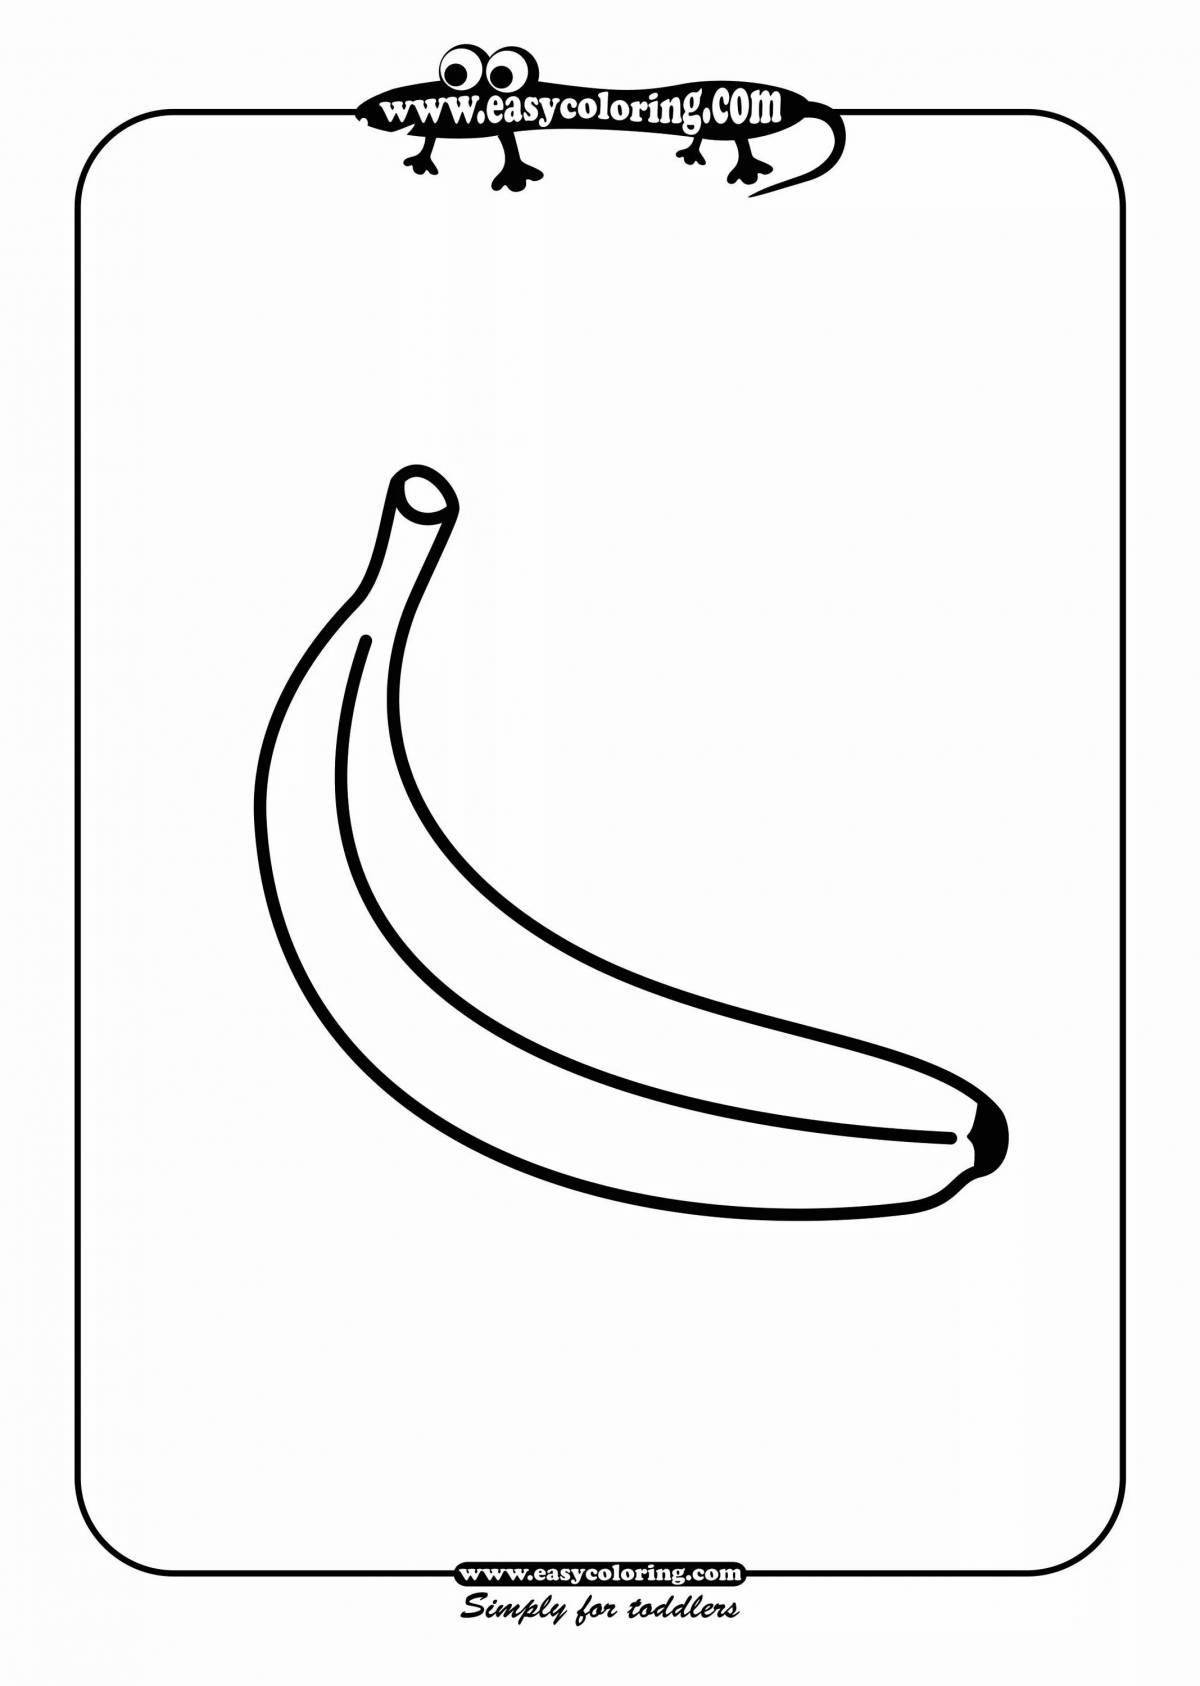 Fabulous banana coloring book for 5-6 year olds
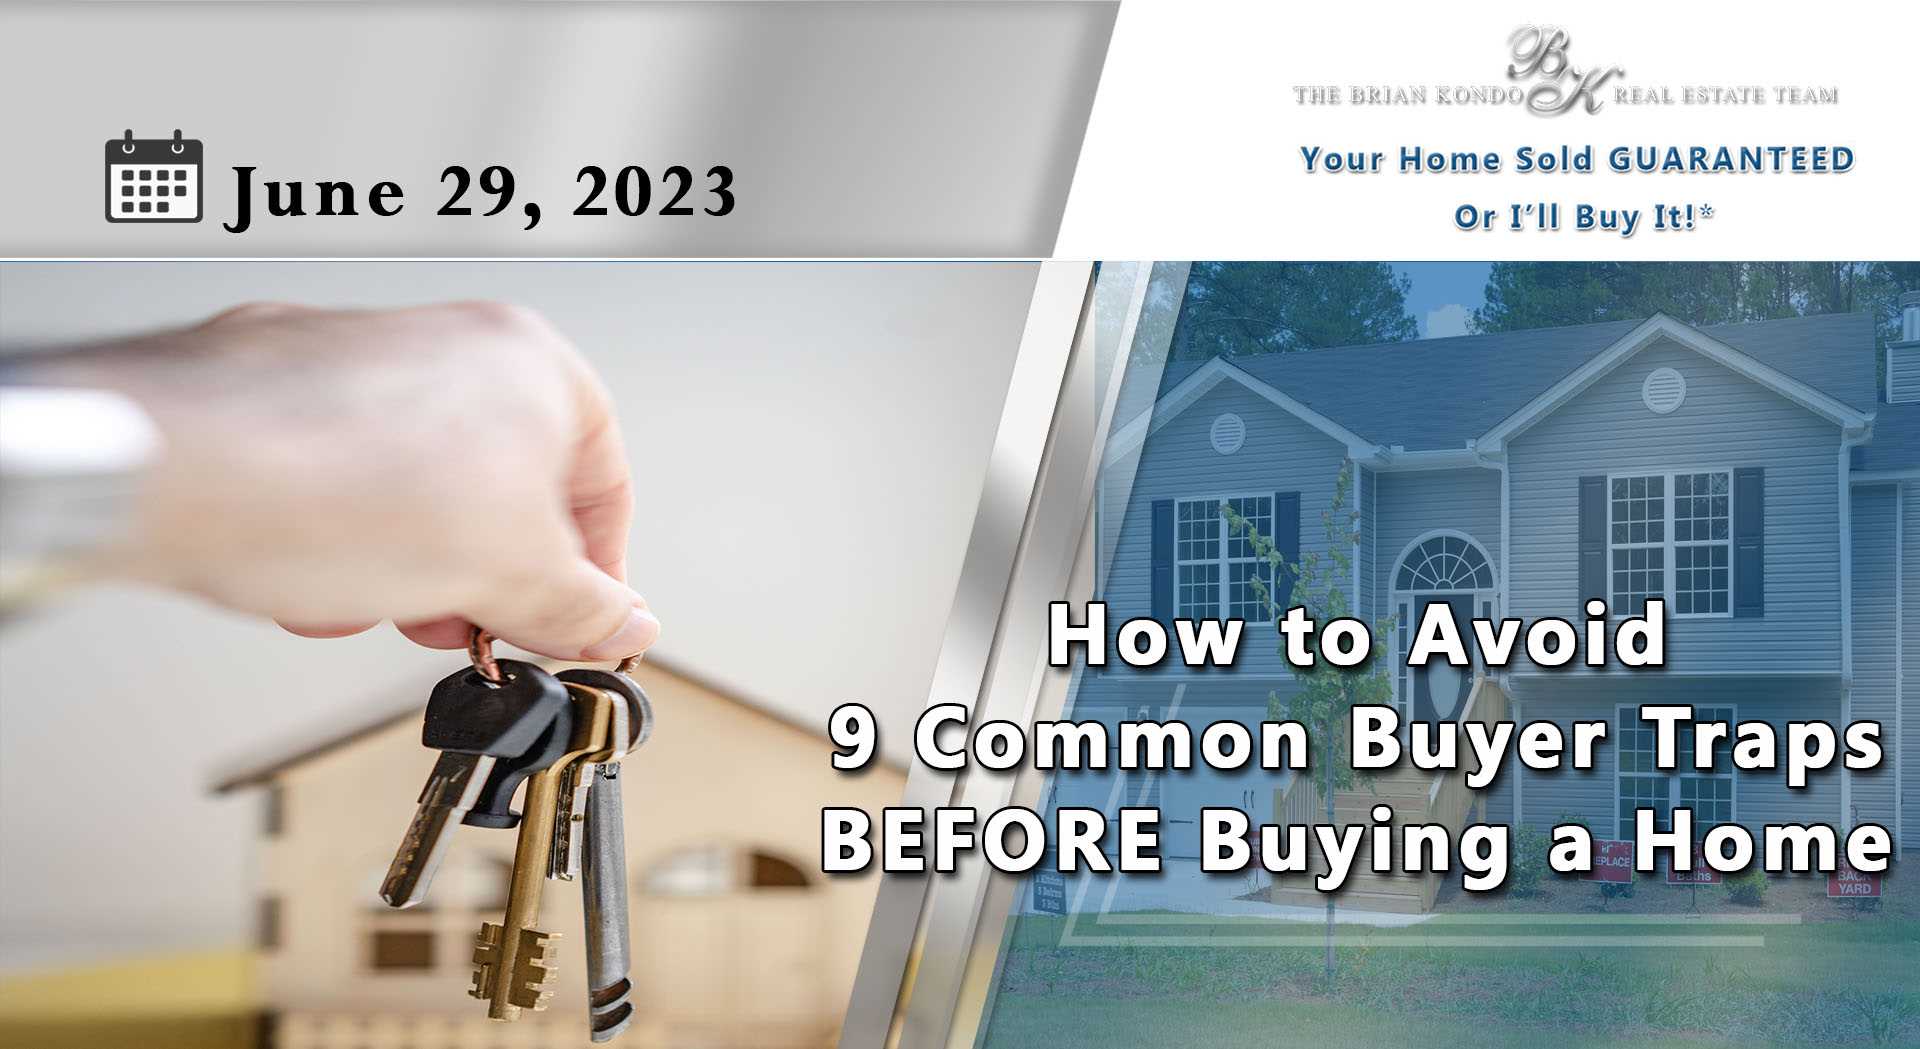 How to Avoid 9 Common Buyer Traps BEFORE Buying a Home!
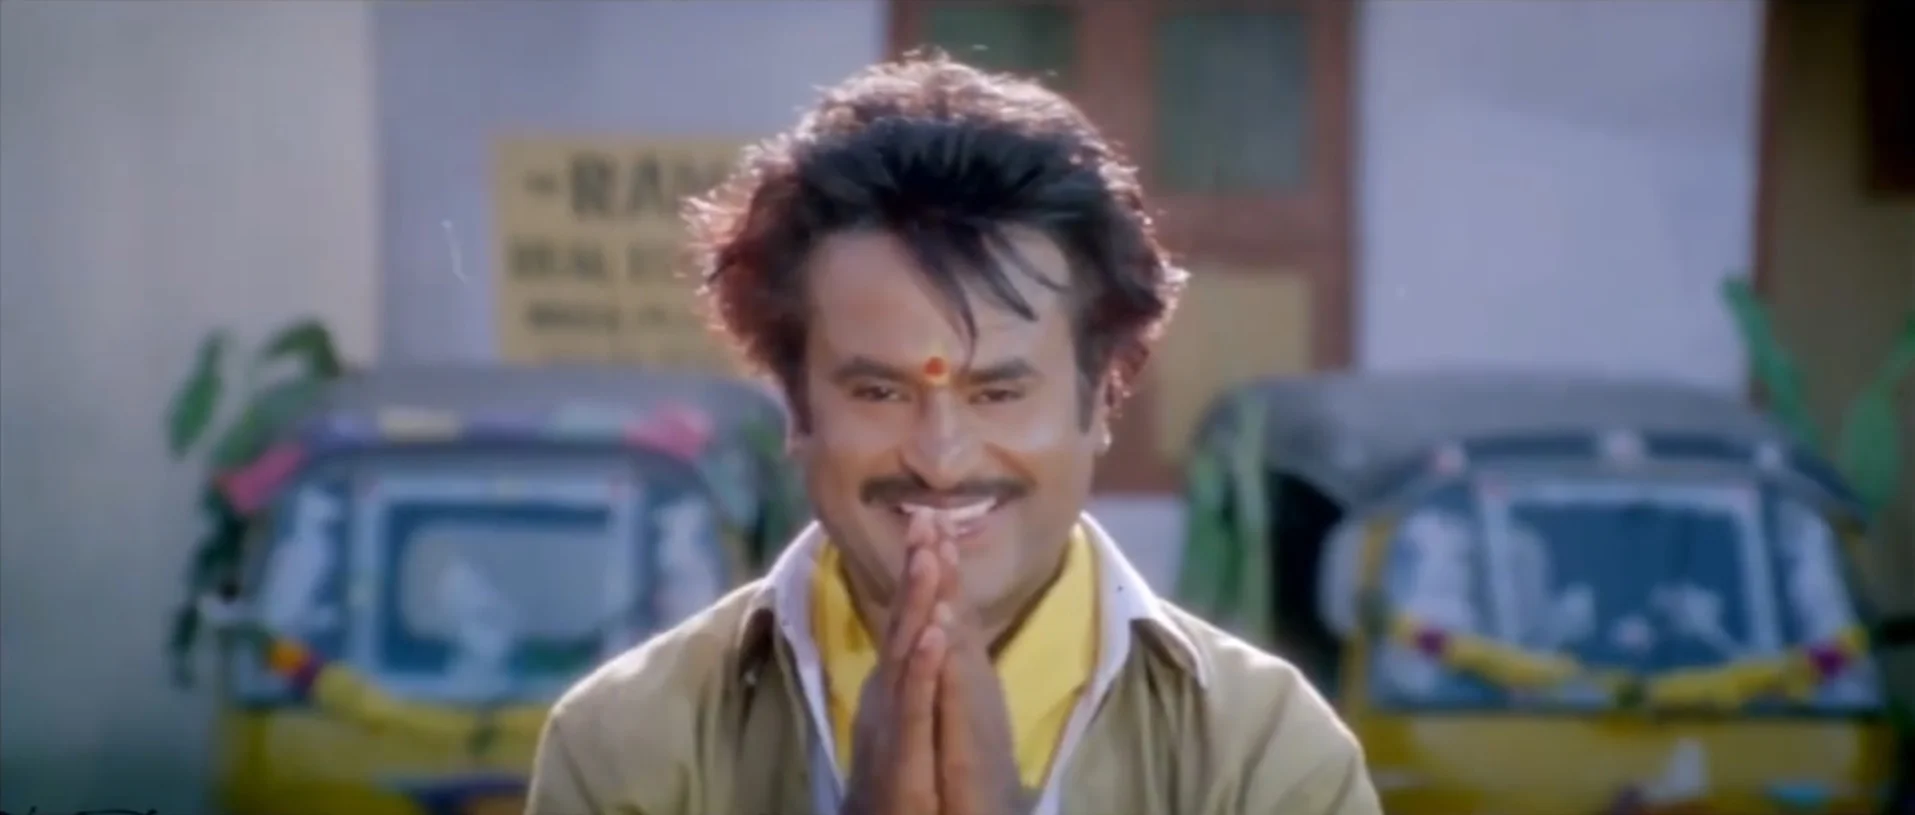 Rajinikanth For the Love of a Man

════════

Exercise objective ::
An exact copy of every line above, minus the pictures, is the required output.

Output for this task ::
 Fabulous banana coloring book for 5-6 year olds
 How to Avoid 9 Common Buyer Traps BEFORE Buying a Home!
 Rajinikanth For the Love of a Man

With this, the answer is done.